Around 220 described species, and more undescribed species of ants in the tribe Attini cultivate fungi. They are only found in the New World and are thought to have evolved in the Amazon rainforest, where they are most diverse today. For these ants, farmed fungi are the only source of food on which their larvae are raised on and are also an important food for adults. Queen ants carry a small part of fungus in small pouches in their mouthparts when they leave the nest to mate, allowing them to establish a new fungus garden when they form a new nest.

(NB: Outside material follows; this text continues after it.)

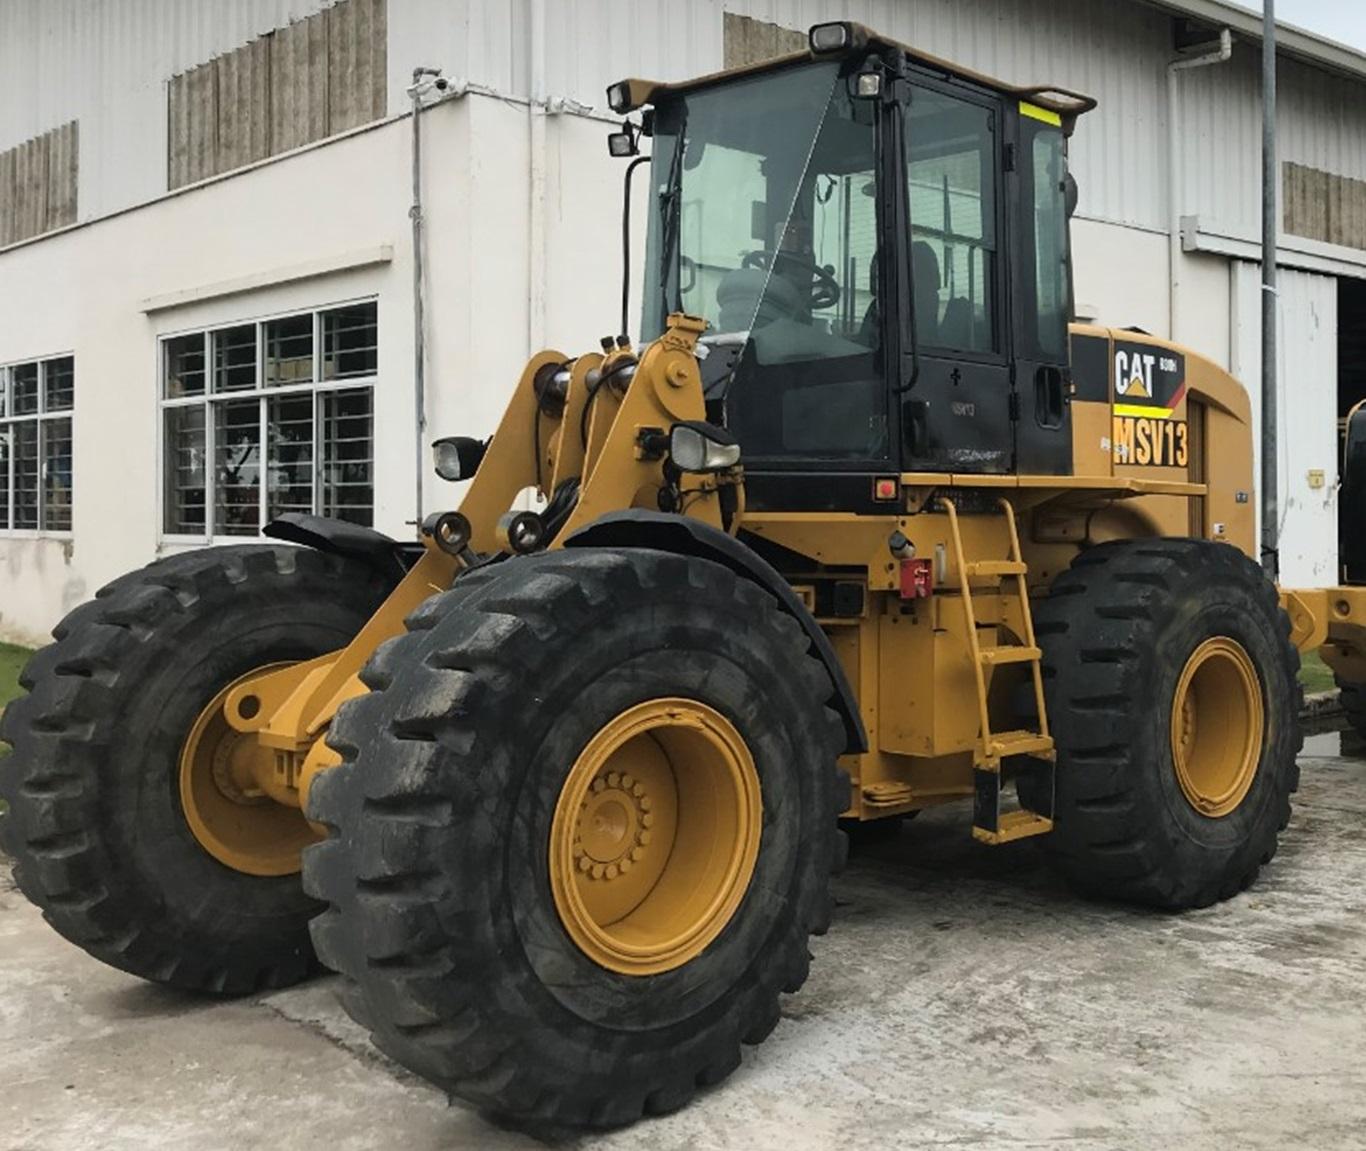 Cat 930H - Phú Thái Cat

Different lineages cultivate fungi on different substrates, those that evolved earlier do so on a wide range of plant matter, whereas leaf cutter ants are more selective, mainly using only fresh leaves and flowers. The fungi are members of the families Lepiotaceae and Pterulaceae. Other fungi in the genus Escovopsis parasitise the gardens and antibiotic-producing bacteria also inhabit the gardens.

===Gastropods===
The marine snail Littoraria irrorata, which lives in the salt marshes of the southeast of the United States feeds on fungi that it encourages to grow. It creates and maintains wounds on the grass, Spartina alterniflora which are then infected by fungi, probably of the genera Phaeosphaeria and Mycosphaerella, which are the preferred diet of the snail. They also deposit faeces on the wounds that they create, which encourage the growth of the fungi because they are rich in nitrogen and fungal hyphae. Juvenile snails raised on uninfected leaves do not grow and are more likely to die, indicating the importance of the fungi in the diet of L. irrorata.